On January 27, workers at the Cerrejon mining complex in Guajira voted overwhelming in favor of a walkout as negotiations for a new labor agreement have dragged on without results. The complex is north of the La Preciosa mine—where a January 26 explosion killed 21 mineworkers.

According to a Reuters report, under Colombia’s repressive labor laws, workers “are not allowed to stage a walkout in the first two days after a vote, nor on the last day of a mandatory 10-day period. After that, workers would need to take another strike vote. The union will hold a meeting on Saturday to ratify the strike vote, but it will be a syndicate committee that will decide on the timing of any walkout—which can only happen between Jan. 30 and Feb. 6.”

The main issues in dispute are a salary increase—with the union counterpoising a nine percent raise to 9 percent to management’s 6 percent proposal—a signing bonus and other bonuses for meeting production targets.

Cerrejon, which is jointly owned by mining giants Xstrata PLC, Anglo American PLC and BHP Billiton, is Colombia’s largest mining company, accounting for about one third of total coal production and export.


Strike hits at BC mining operation

Twenty-five hundred coal mine workers struck Teck Resources Elkview operations in southeast British Columbia on Sunday. The workers, members of the United Steelworkers union (USW), are employed at five open pit mines and 700 have been without a contract since October of last year. The main issue in the dispute is the employer’s contribution to retirement and benefit plans.

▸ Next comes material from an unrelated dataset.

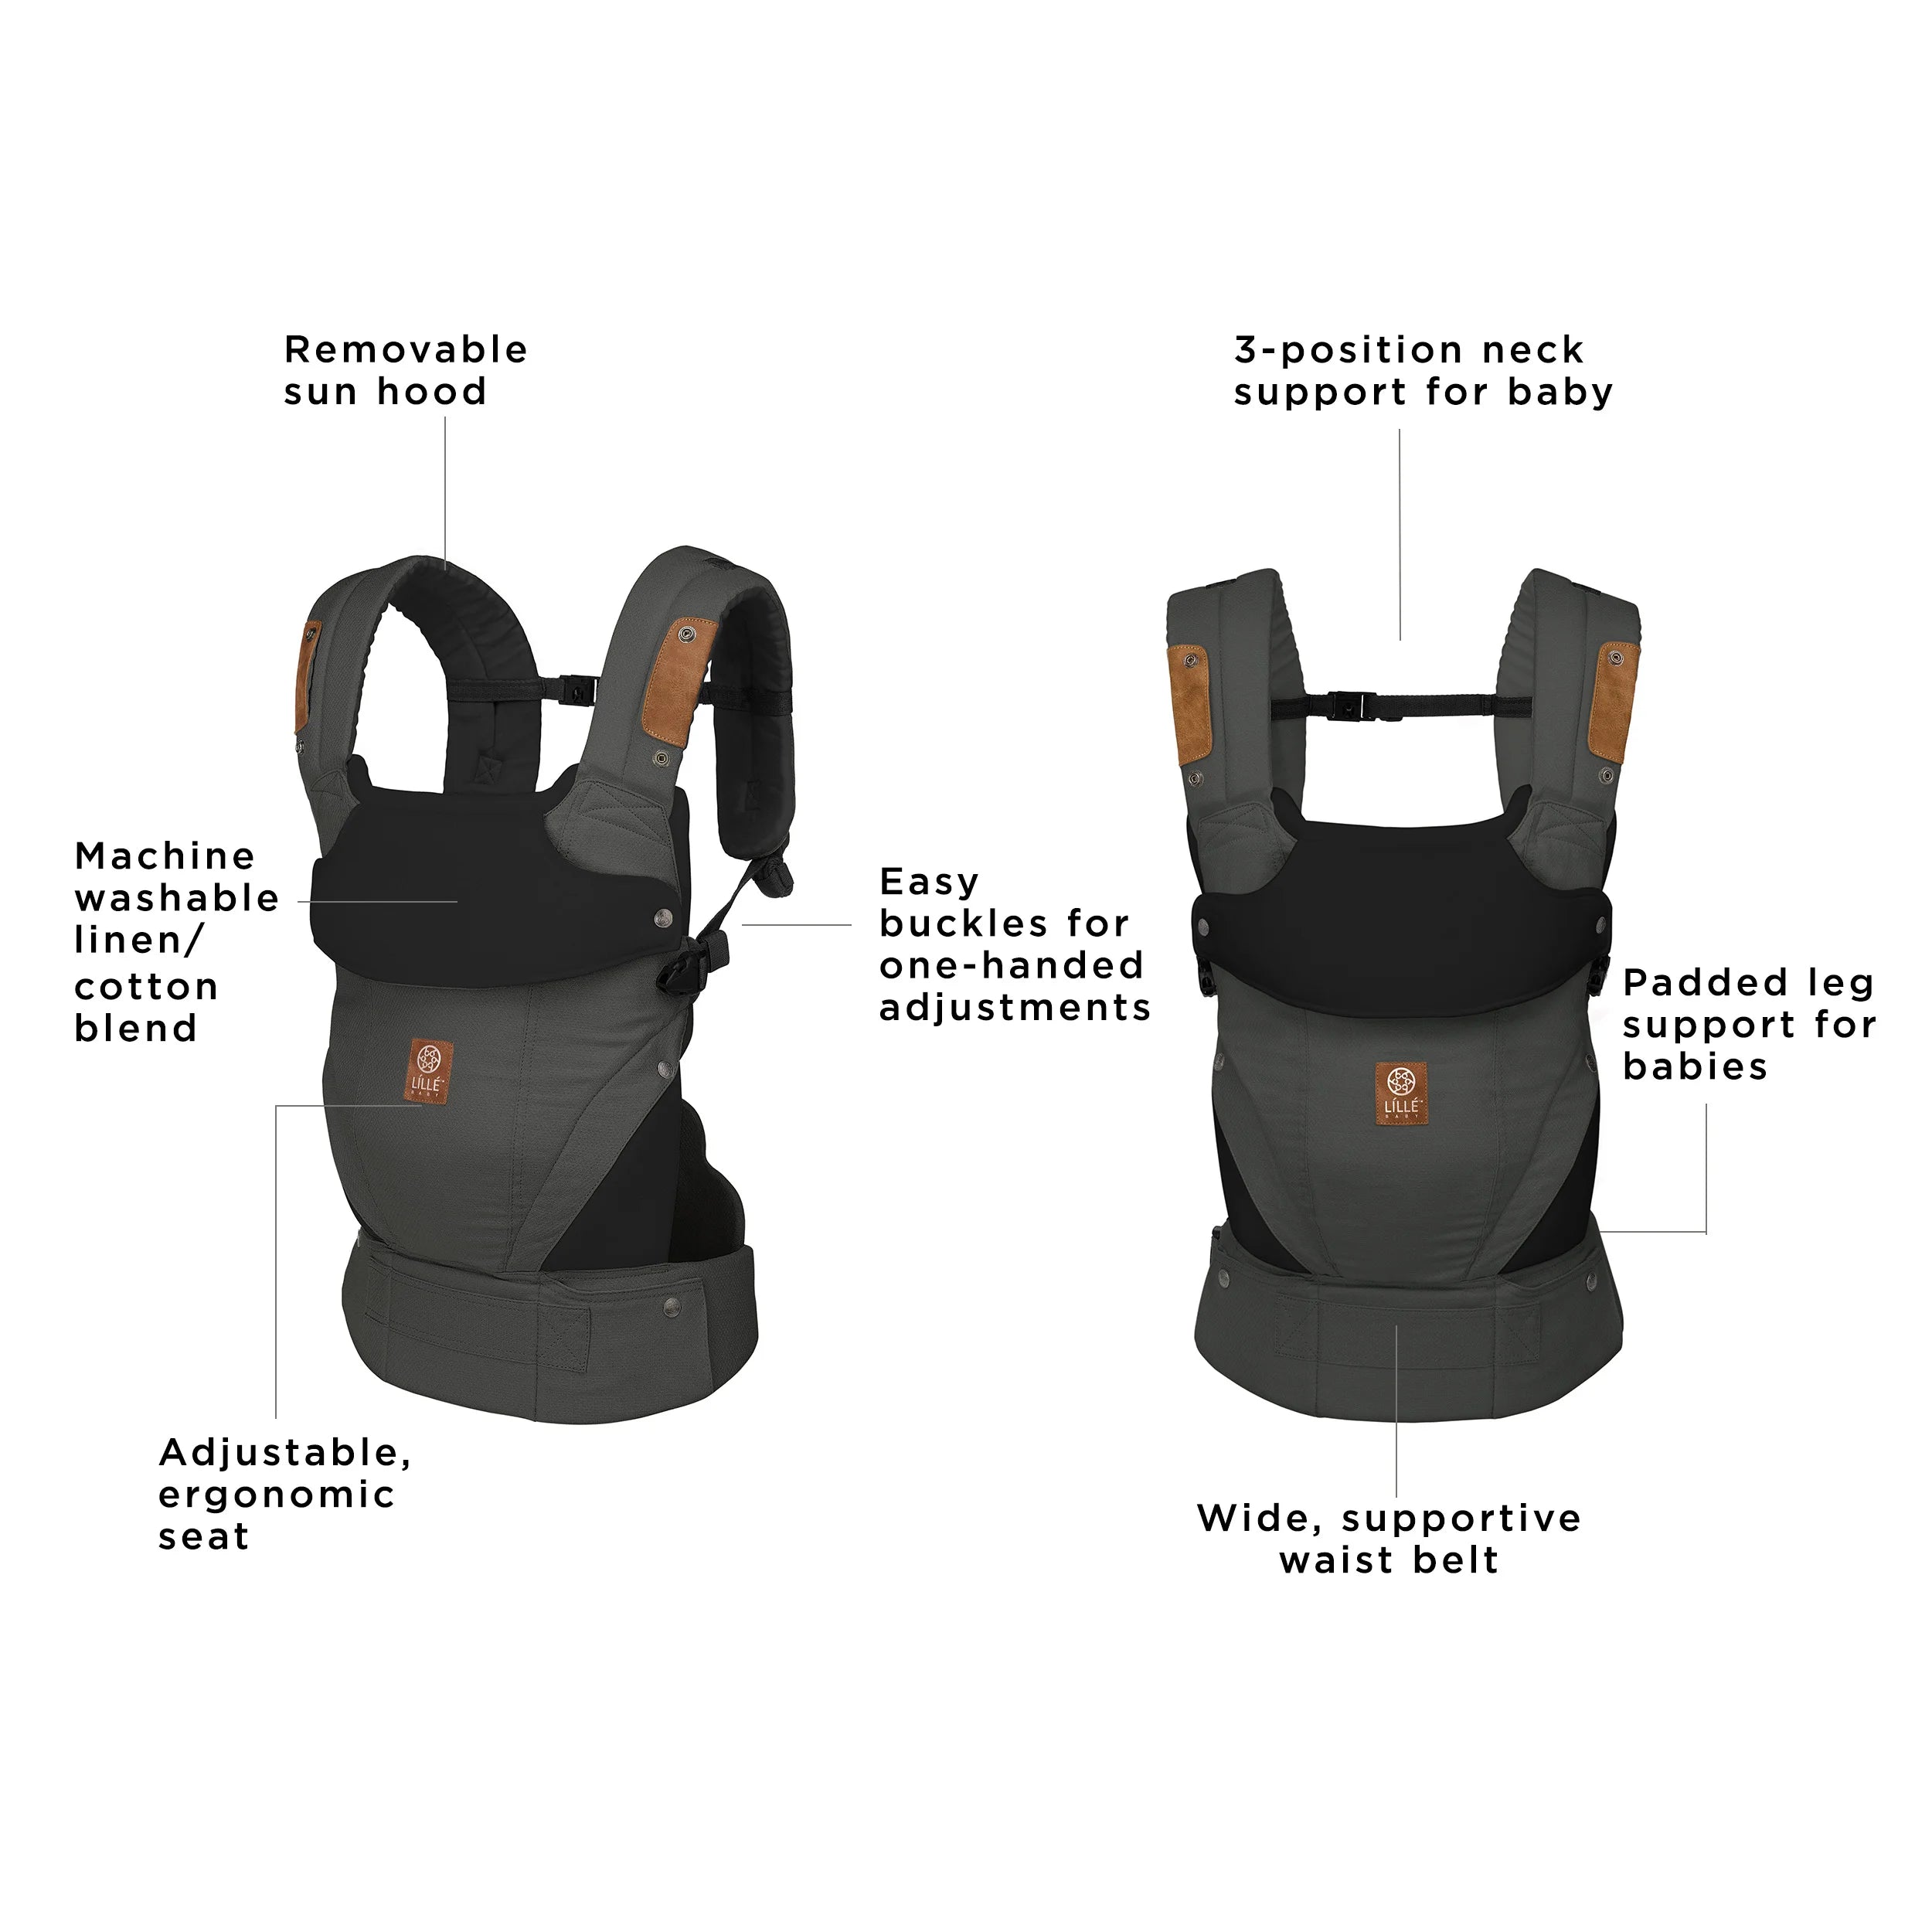 elevate carrier has a removable sun hood, machine washable/linen cotton blend, adjustable, ergonomic seat, easy buckles for one-handed adjustments, 3 position neck support for baby, padded leg support for babies, wide supportive waist belt

Teck, which is one of the world’s leading producers of coal used in steel production, has also faced recent mechanical failures at its operations but has said contingency plans are in place for a strike.

Deal ends Labrador nickel strike

The 18-month-old strike by nearly 200 mine workers at Vale Inco in Voisey’s Bay, Labrador was ended after workers ratified a tentative deal by a margin of 88 percent. The struggle, which has long been isolated by the United Steelworkers (USW) leadership, was ineffective in shutting down operations with the Brazilian mining giant using strikebreakers to maintain operations.

Details of the five-year deal have not been made public but it is likely that it will contain greater concessions than those already proposed by a recent government commission.